I'm working on doing simple linear algebra manipulations with numpy. Everything has been really great until now, when I take simple 2x2 matrices whose eigenvalues and vectors I know, and test numpy on them.
For example the example matrix below, there is a single eigenvalue e=1, and a single associated eigenvector [-3, 1]:
A = np.array([[-2, -9],
[ 1, 4]])
vals, vects = np.linalg.eig(A)
vals2, vects2 = np.linalg.eigh(A)
vals3 = np.linalg.eigvals(A)
print("Eigenvalues (linalg.eig): \n", vals)
print("Eigenvalues (linalg.eigvals): \n", vals3)
print("Eigenvectors: \n", vects)
results in the following :
Eigenvalues (linalg.eig):
[1.+1.89953279e-08j 1.-1.89953279e-08j]
Eigenvalues (linalg.eigvals):
[1.+1.89953279e-08j 1.-1.89953279e-08j]
Eigenvectors:
[[ 0.9486833 +0.00000000e+00j 0.9486833 -0.00000000e+00j]
[-0.31622777-2.00228337e-09j -0.31622777+2.00228337e-09j]]
I realize the eigenvectors are in column format.

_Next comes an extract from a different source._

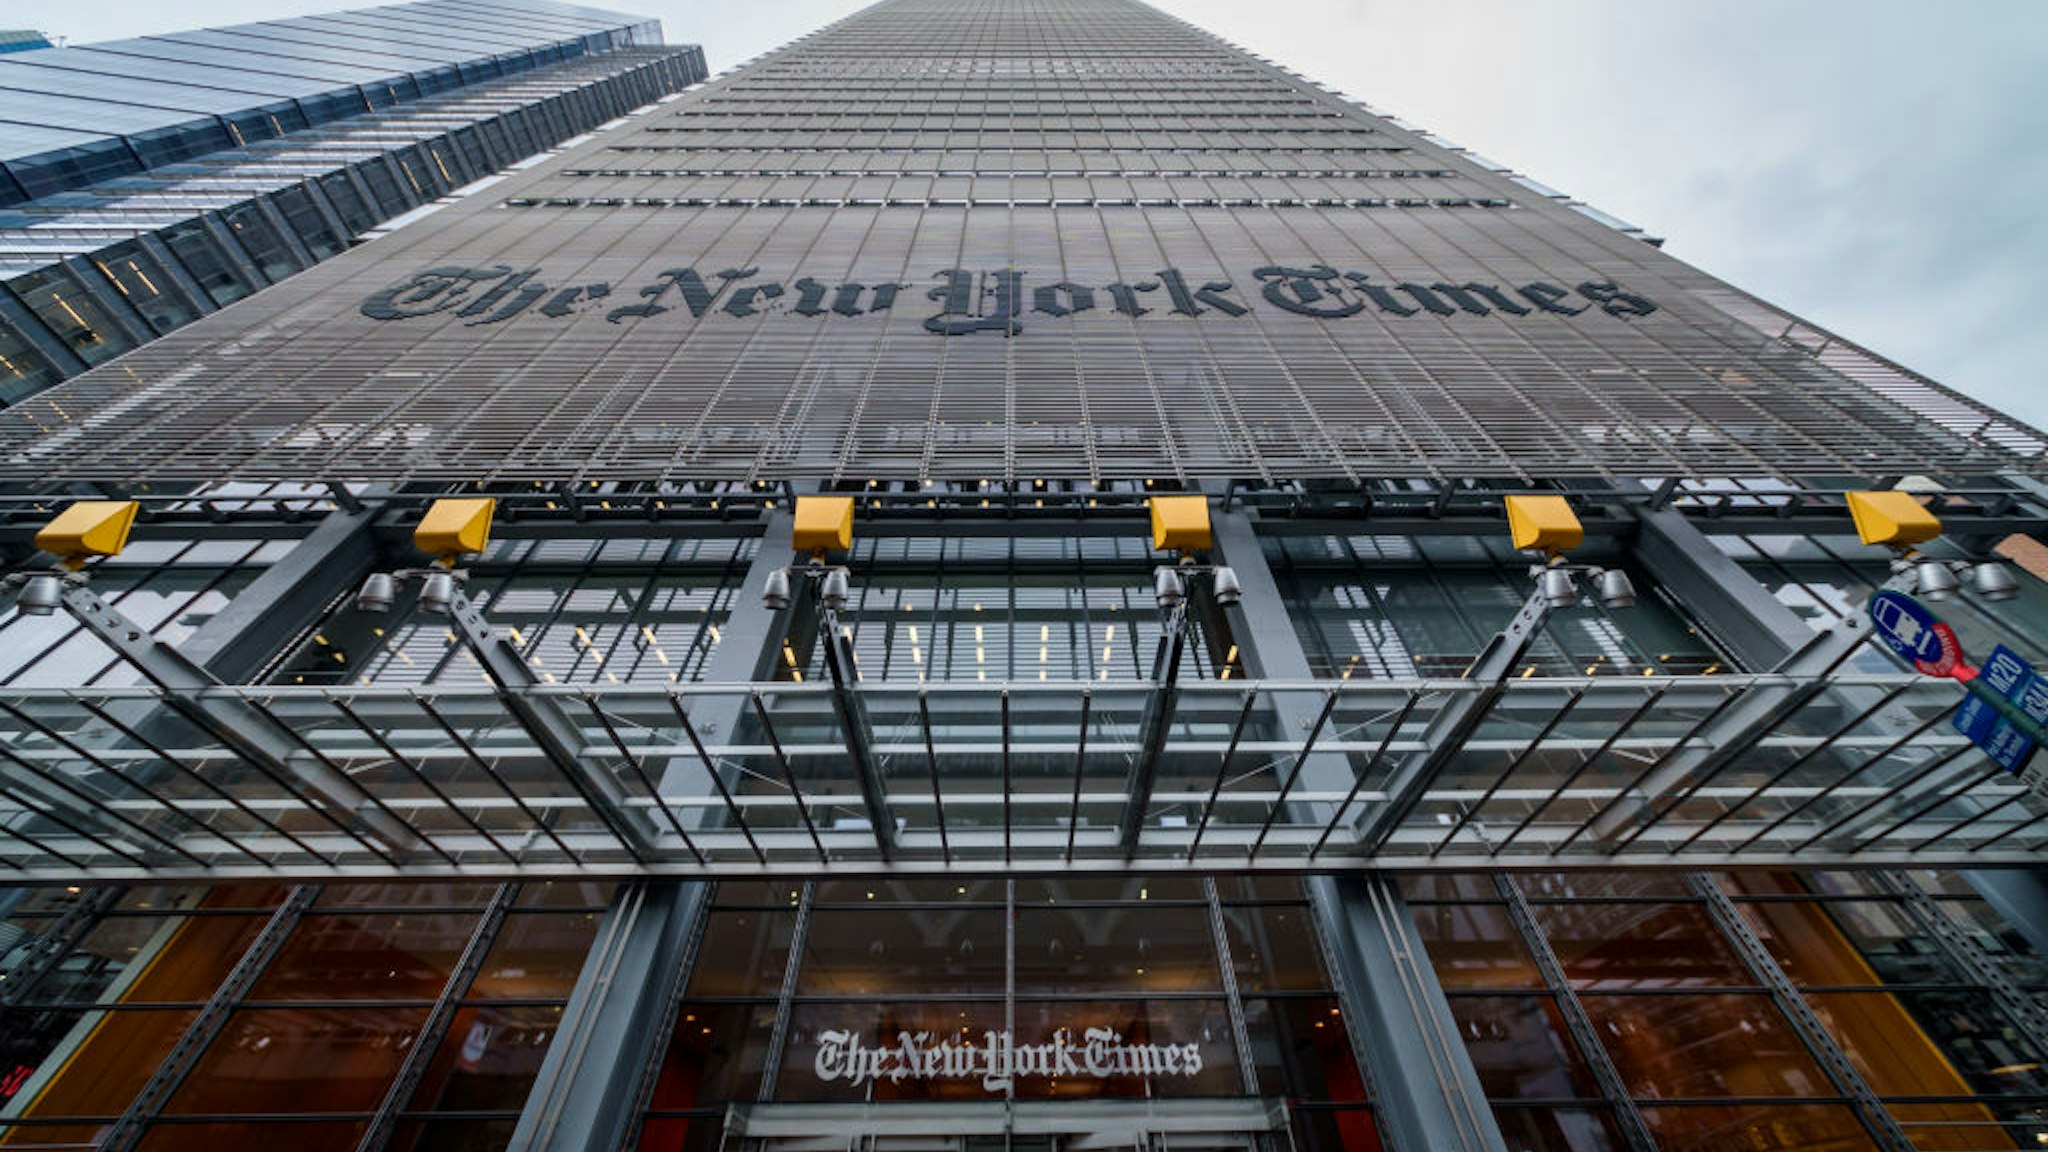 NEW YORK TIMES HEADQUARTERS, NEW YORK, UNITED STATES - 2019/04/29: New York Times Headquarters - Jewish organizations held a protest outside The New York Times offices, over the alleged anti-Semitic cartoon published in the newspaper depicting Israeli Prime Minister Benjamin Netanyahu as a dog on a leash held by a blind President Donald Trump.

If you neglect the small imaginary parts, both vectors are ALMOST scalar multiples of the single correct eigenvector.
My matrix is not symmetric or conjugate symmetric, and therefore linalg.eigh should not work, but I tried it anyway. It gives me real values, but they are totally bogus.
I have also searched other similar questions, and have found no satisfying answers. The closest I have come is one answer that suggest writing a function to strip the eigenvalues of their small imaginary parts. This works, but still leaves incorrect eigenvectors.
What's going on here? How can I fix it simply? It seems a bit much to write my own functions to correct such a well established library in order to make it get simple calculations correct.
Numpy is returning a normalized eigenvector for each eigenvalue; as the eigenvalue here has multiplicity 2, it returns the same eigenvector twice. You can use np.real_if_close to reconvert to real:
In [156]: A = np.array([[-2, -9],
...: [ 1, 4]])
...:
...: w, v = np.linalg.eig(A)
...: v = np.real_if_close(v, tol=1)
...: v
Out[156]:
array([[ 0.9486833 , 0.9486833 ],
[-0.31622777, -0.31622777]])
Sanity check:
In [157]: v * 10**.5
Out[157]:
array([[ 3., 3.],
[-1., -1.]])
If you'd like exact solutions instead of these prone to machine error, may I suggest sympy:
In [159]: from sympy import Matrix
...: m = Matrix(A)
...: m.eigenvects()
Out[159]:
[(1,
2,
[Matrix([
[-3],
[ 1]])])]
Where we get the eigenvalue 1, its multiplicity 2, and the eigenvector associated with it.